Die beklagte Partei ist schuldig, der klagenden Partei die mit 1.468,08 EUR (darin enthalten 244,68 EUR USt) und den 1.617,05 EUR (darin enthalten 269,51 EUR USt) bestimmten Kosten des Revisionsverfahrens jeweils binnen 14 Tagen zu ersetzen.
Begründung:
1. Die Revision ist entgegen dem nicht bindenden Ausspruch des Berufungsgerichts nicht zulässig.
2. In der ausführlich begründeten Entscheidung 4 Ob 159/11b (= EvBl 2012/39 [zust Rudolf] = RIS-Justiz RS0127288) legte der Oberste Gerichtshof dar, dass regelmäßig aufgrund einer Gesamtschau der Umstände des Einzelfalls nach objektiven Kriterien zu bestimmen sei, ob eine wesentliche, die Aufhebung des Vertrags rechtfertigende Vertragsverletzung nach dem UN-Kaufrechtsübereinkommen (Art 49 Abs 1 lit a iVm Art 25 CISG) vorliege.
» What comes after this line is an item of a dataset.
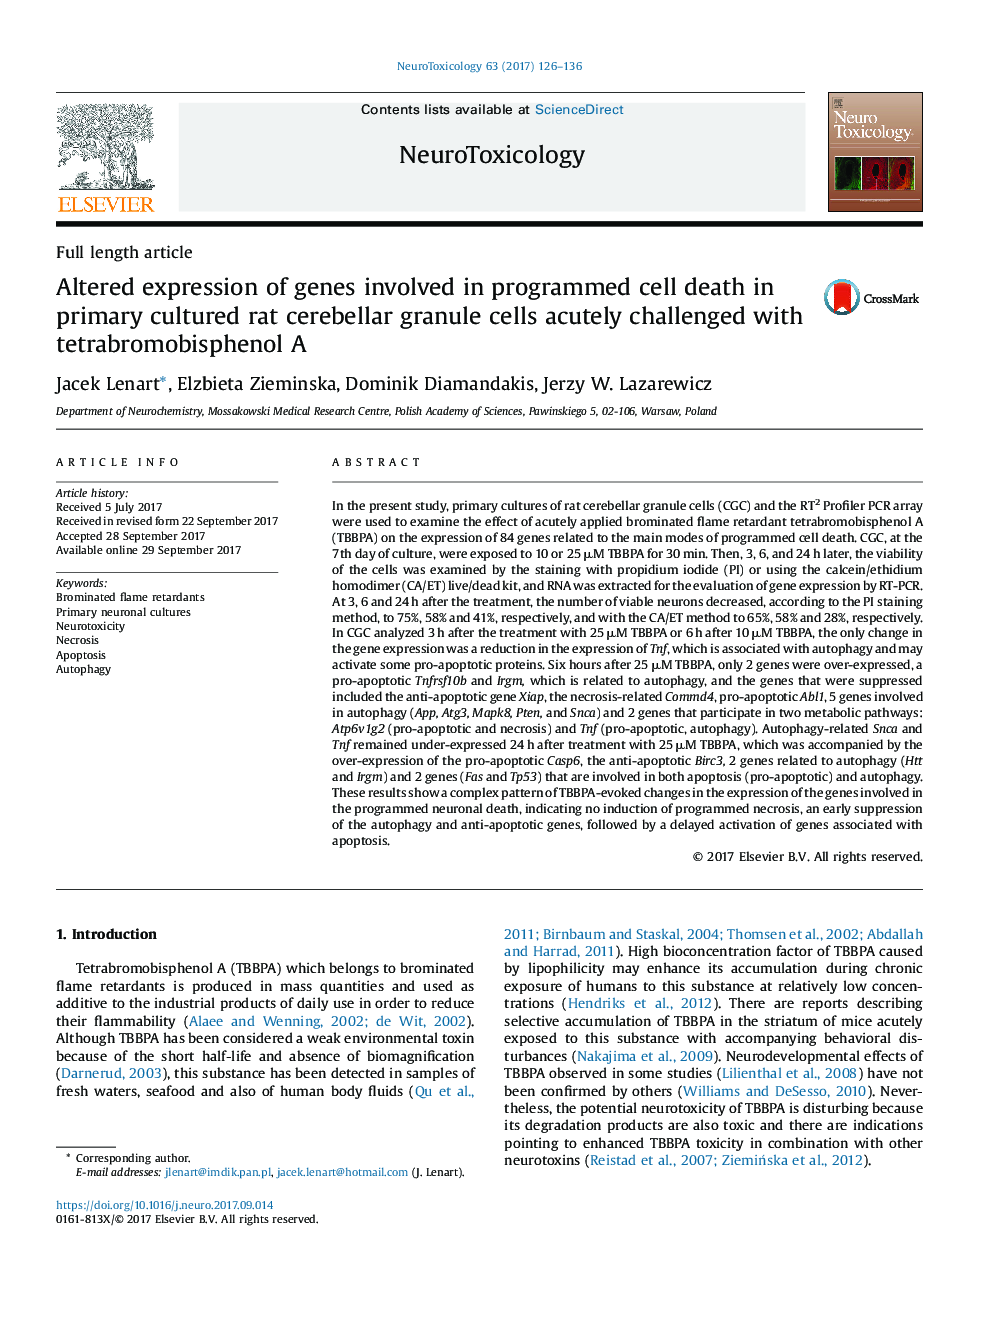 Altered expression of genes involved in programmed cell death in primary cultured rat cerebellar granule cells acutely challenged with tetrabromobisphenol A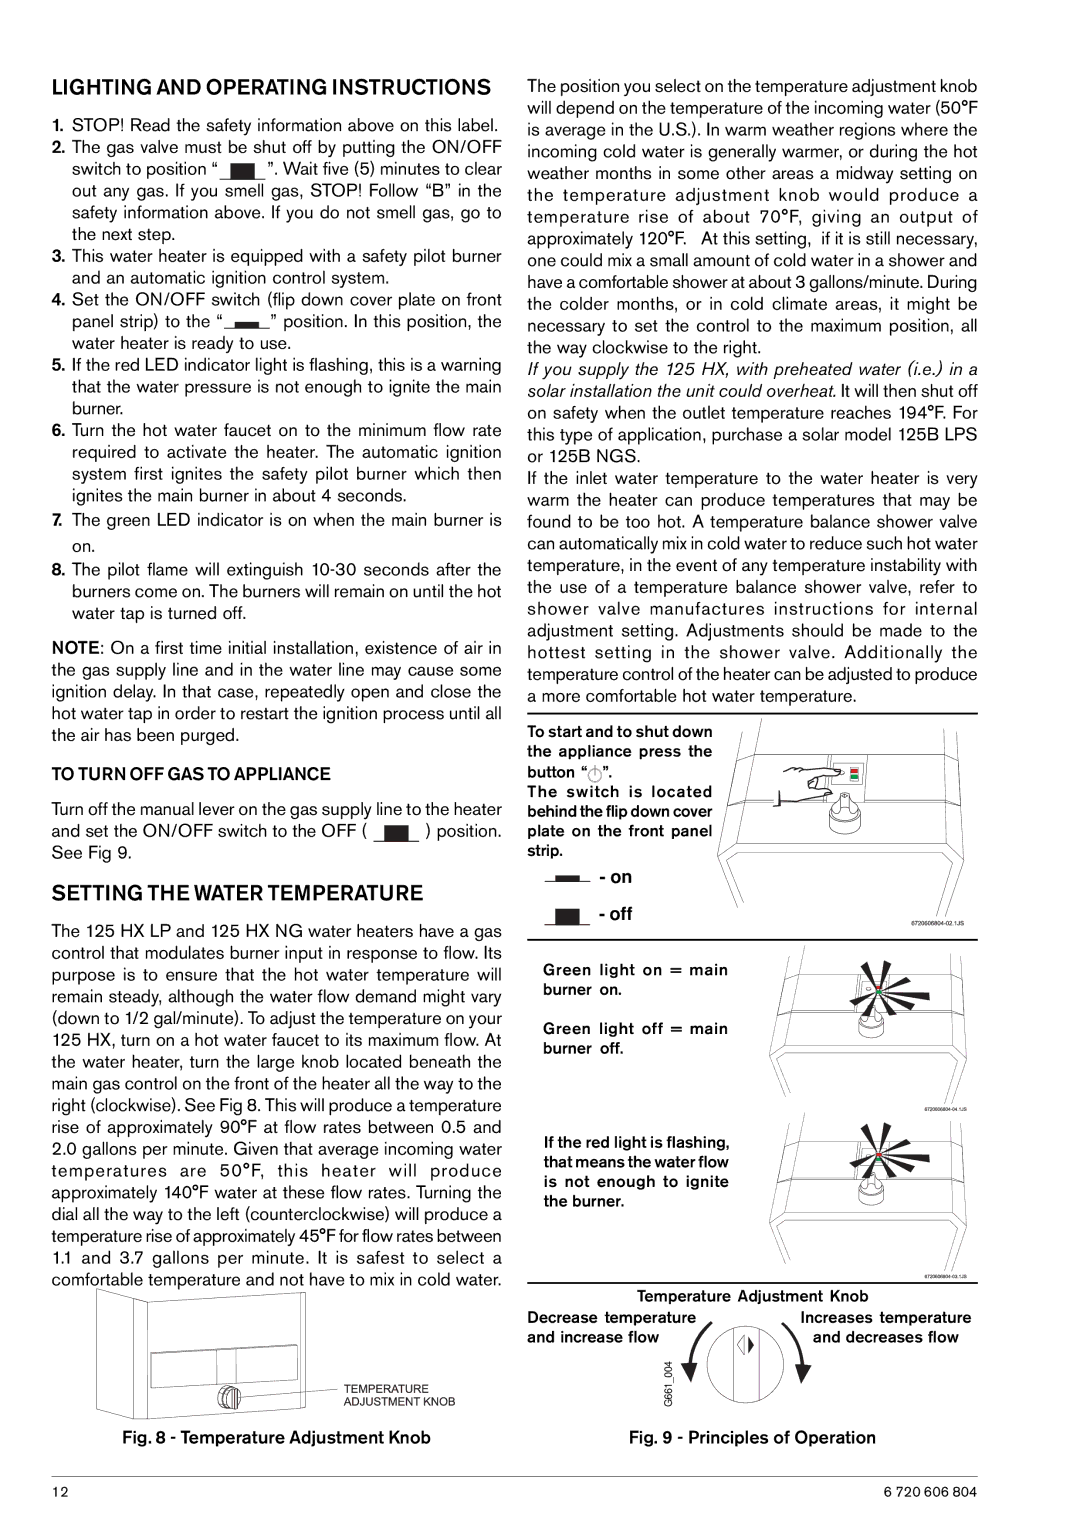 AquaStar 125HX LP Lighting and Operating Instructions, Setting the Water Temperature, To Turn OFF GAS to Appliance

In die gebotene Interessensabwägung seien neben Art und Ausmaß der Vertragsverletzung und deren Auswirkungen auf die vertragstreue Partei unter anderem auch die Möglichkeit einer Nachlieferung oder Verbesserung innerhalb angemessener Frist, deren Kosten sowie deren Zumutbarkeit für den Käufer einzubeziehen. Die Rückabwicklung solle dem Käufer nur als letzte Möglichkeit zur Verfügung stehen, um auf eine Vertragsverletzung der anderen Partei zu reagieren, die so gewichtig sei, dass sie sein Erfüllungsinteresse im Wesentlichen entfallen lasse. Kritik an dieser Entscheidung enthält die Revision nicht.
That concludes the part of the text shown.